Eurobank to Raise Dividend Payout Above 50% in 2025, Eyes Further Expansion in Bulgaria
The move reflects the bank’s confidence in its performance and future growth prospects and comes in tandem with the distribution of an interim dividend of €170 million, or 4.7 cents per share.
Despite facing some pressure on the bottom line, Eurobank reported solid results for the first half of the year. Adjusted net profit came in at €711 million, marking a 2.9% decline compared to the same period in 2024. Total net profit fell by 4.3% to €691 million, impacted by a €27 million cost related to a voluntary exit scheme at Hellenic Bank and a €38 million negative goodwill charge stemming from its acquisition of CNP Cyprus Insurance.
Group CEO Fokion Karavias noted that profitability remains on track with expectations, emphasizing the significant role of international operations, which contributed roughly half of the group’s earnings. He highlighted the strategic importance of Cyprus, where Eurobank has established a dominant position in the bancassurance market through the merger of Hellenic Bank and Eurobank Cyprus, as well as the acquisition of CNP.

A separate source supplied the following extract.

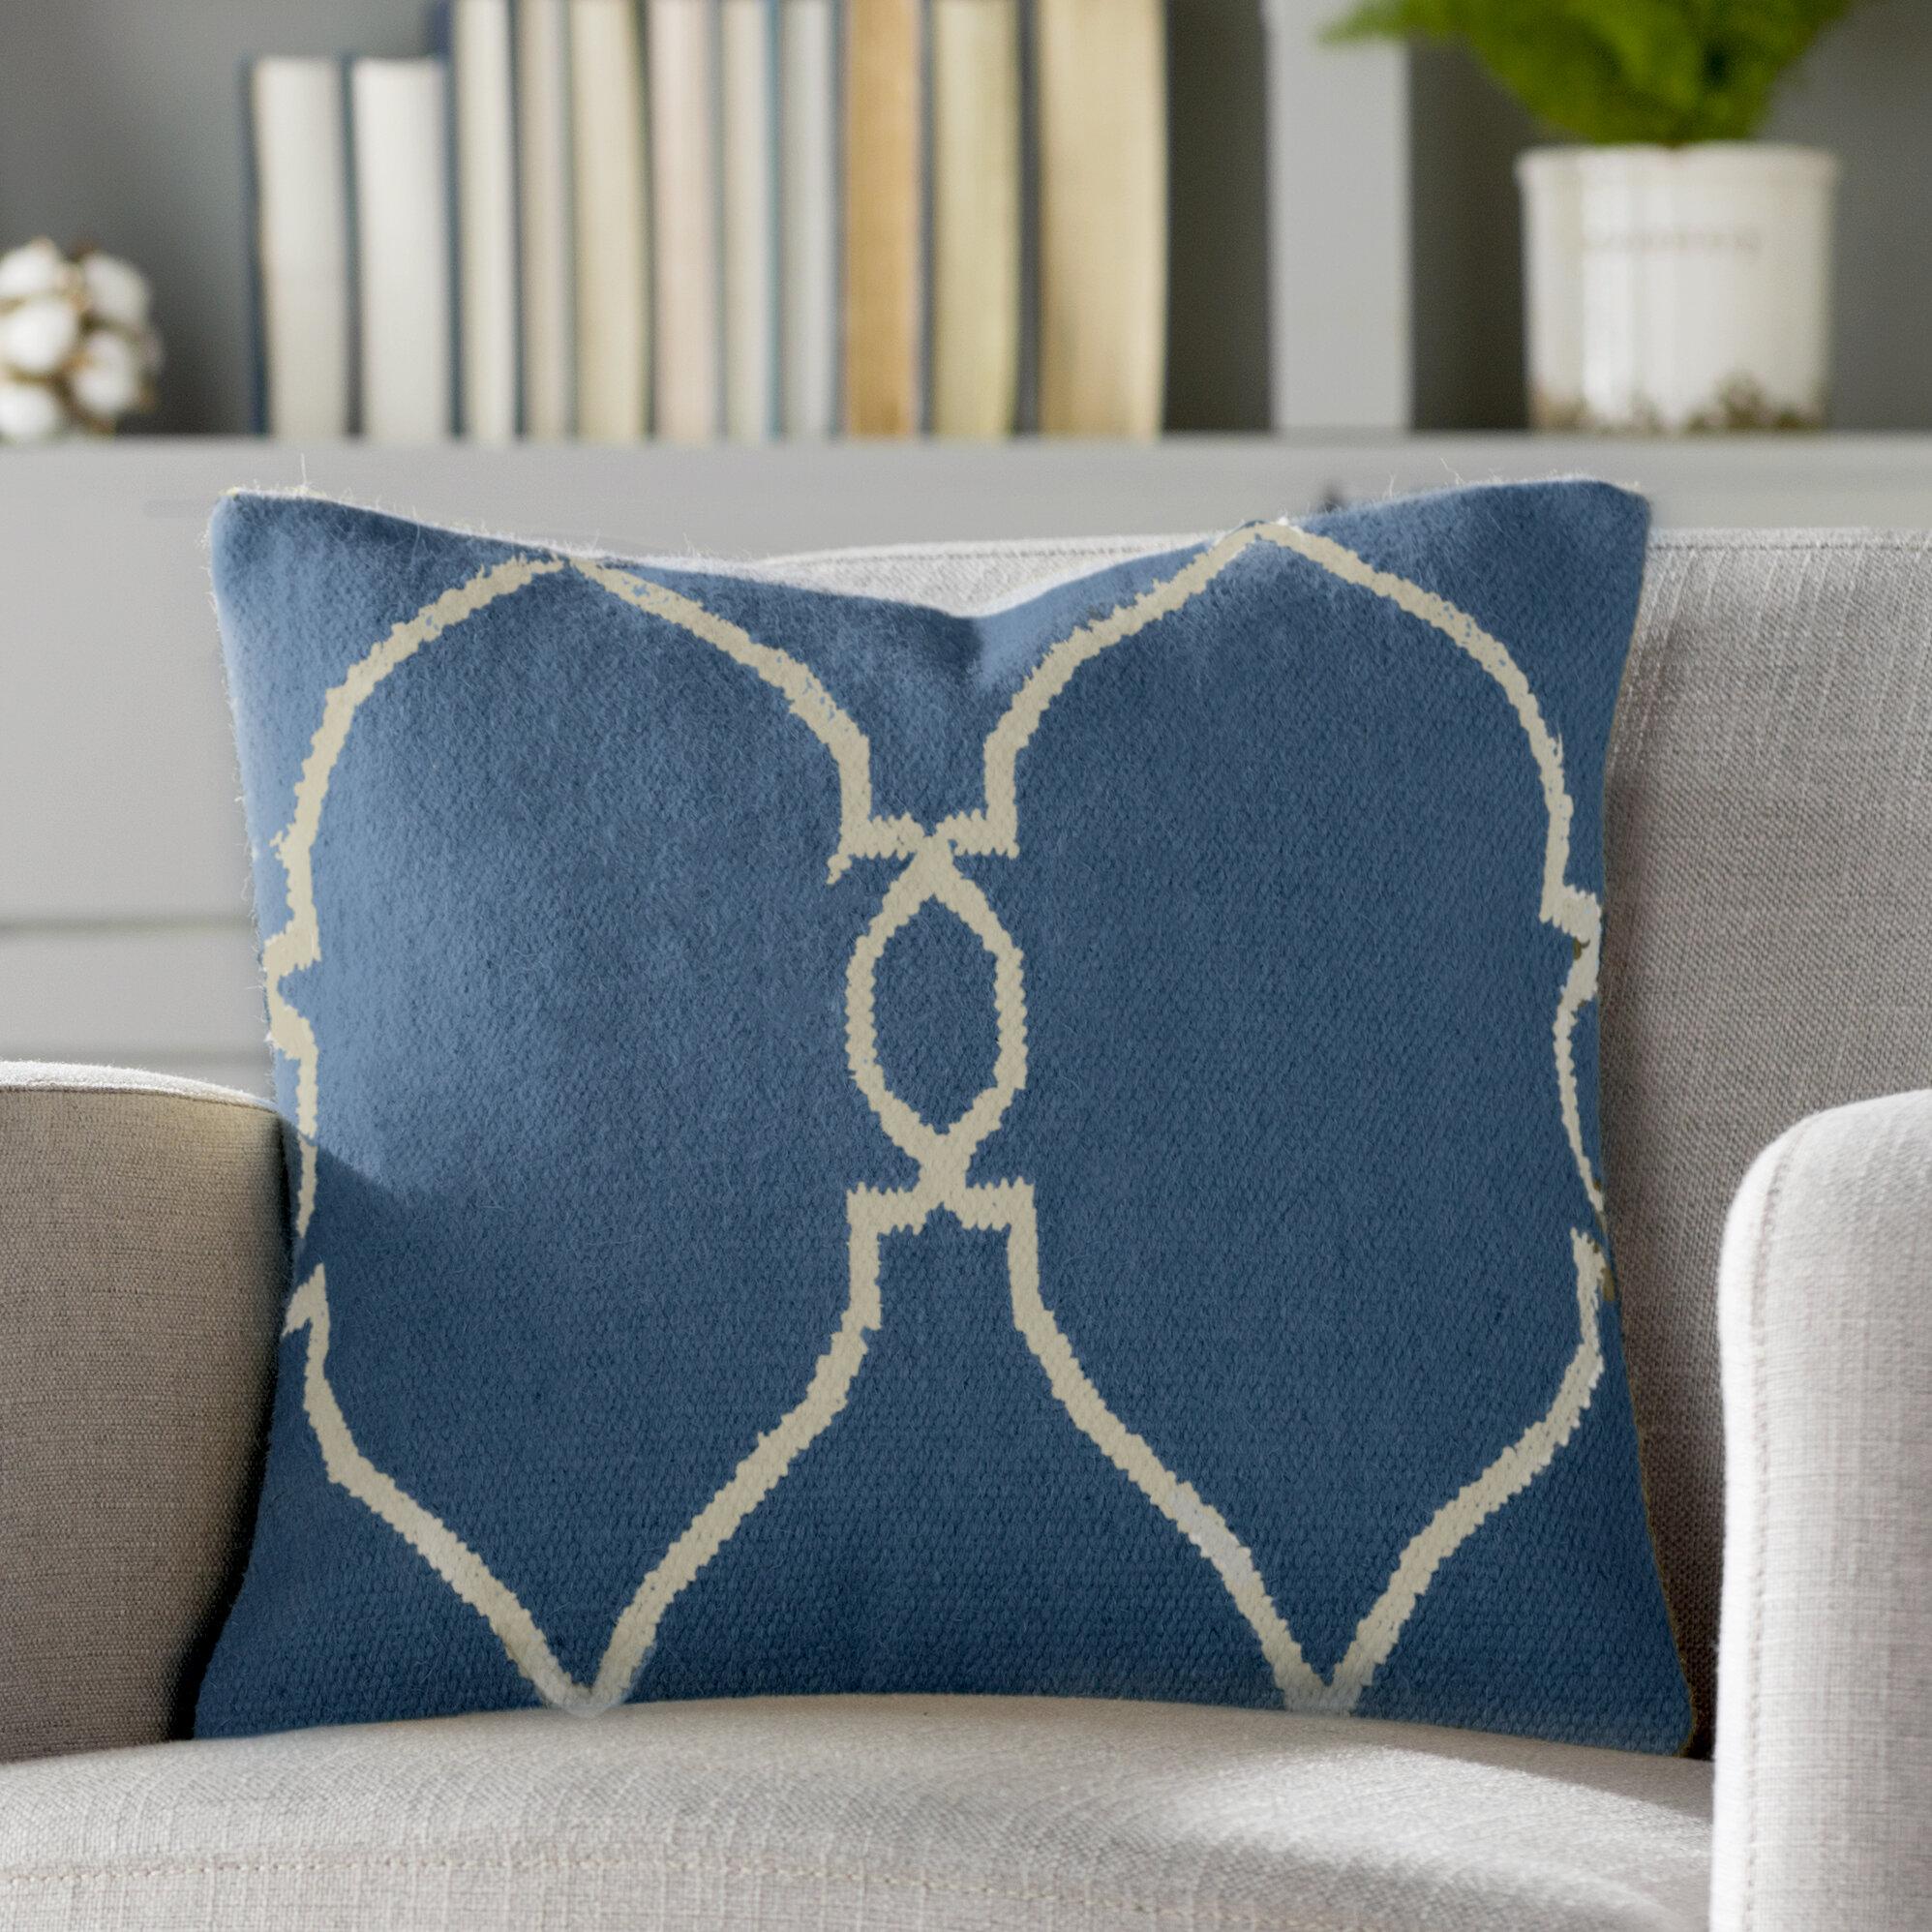 Laurel Foundry Modern Farmhouse Throw Pillows You Ll Love In 2021 Wayfair

Looking ahead, Eurobank is turning its focus to Bulgaria as a key market for potential expansion. During the bank’s second-quarter earnings call, Karavias confirmed interest in further acquisitions, not only in banking but also in insurance and wealth management. He added that Bulgaria’s planned adoption of the euro would be a positive development for the local economy. Noting that the four largest banks—Eurobank's subsidiary among them—control 75% of Bulgaria’s banking market, Karavias sees room for further consolidation and confirmed that Eurobank is closely monitoring developments.
Lending activity remained strong in the first half of 2025, with performing loans growing organically by €2.2 billion—€1.4 billion in Greece and €800 million in international markets. Total gross loans reached €53.6 billion, split between €35.5 billion in Greece, €8.8 billion in Cyprus, and €8.4 billion in Bulgaria. Based on this momentum, the bank revised its annual target for credit expansion from €3.5 billion to €4 billion.
Provisions for credit risk increased by 8.1% year-on-year to €155 million, or 60 basis points of average loans. Nonetheless, Eurobank does not anticipate additional pressure on risk costs, even with ongoing restructuring related to Swiss franc-denominated loans.
Revenue growth was notable across key segments. Net interest income rose by 12.2% year-on-year to €1.3 billion, while net fee and commission income surged by 28.9% to €364 million. This growth was driven by strong performance in branch network services, wealth management, and insurance activities—particularly following the integration of CNP Cyprus Insurance. The bank has set ambitious full-year targets of €740 million in fee income and €2.5 billion in interest income.
Eurobank’s capital position remains robust, with a total capital adequacy ratio of 19.8% and a Common Equity Tier 1 (CET1) ratio of 15.5%. The bank intends to maintain its strong capital buffer to support future strategic acquisitions, both in Greece and abroad.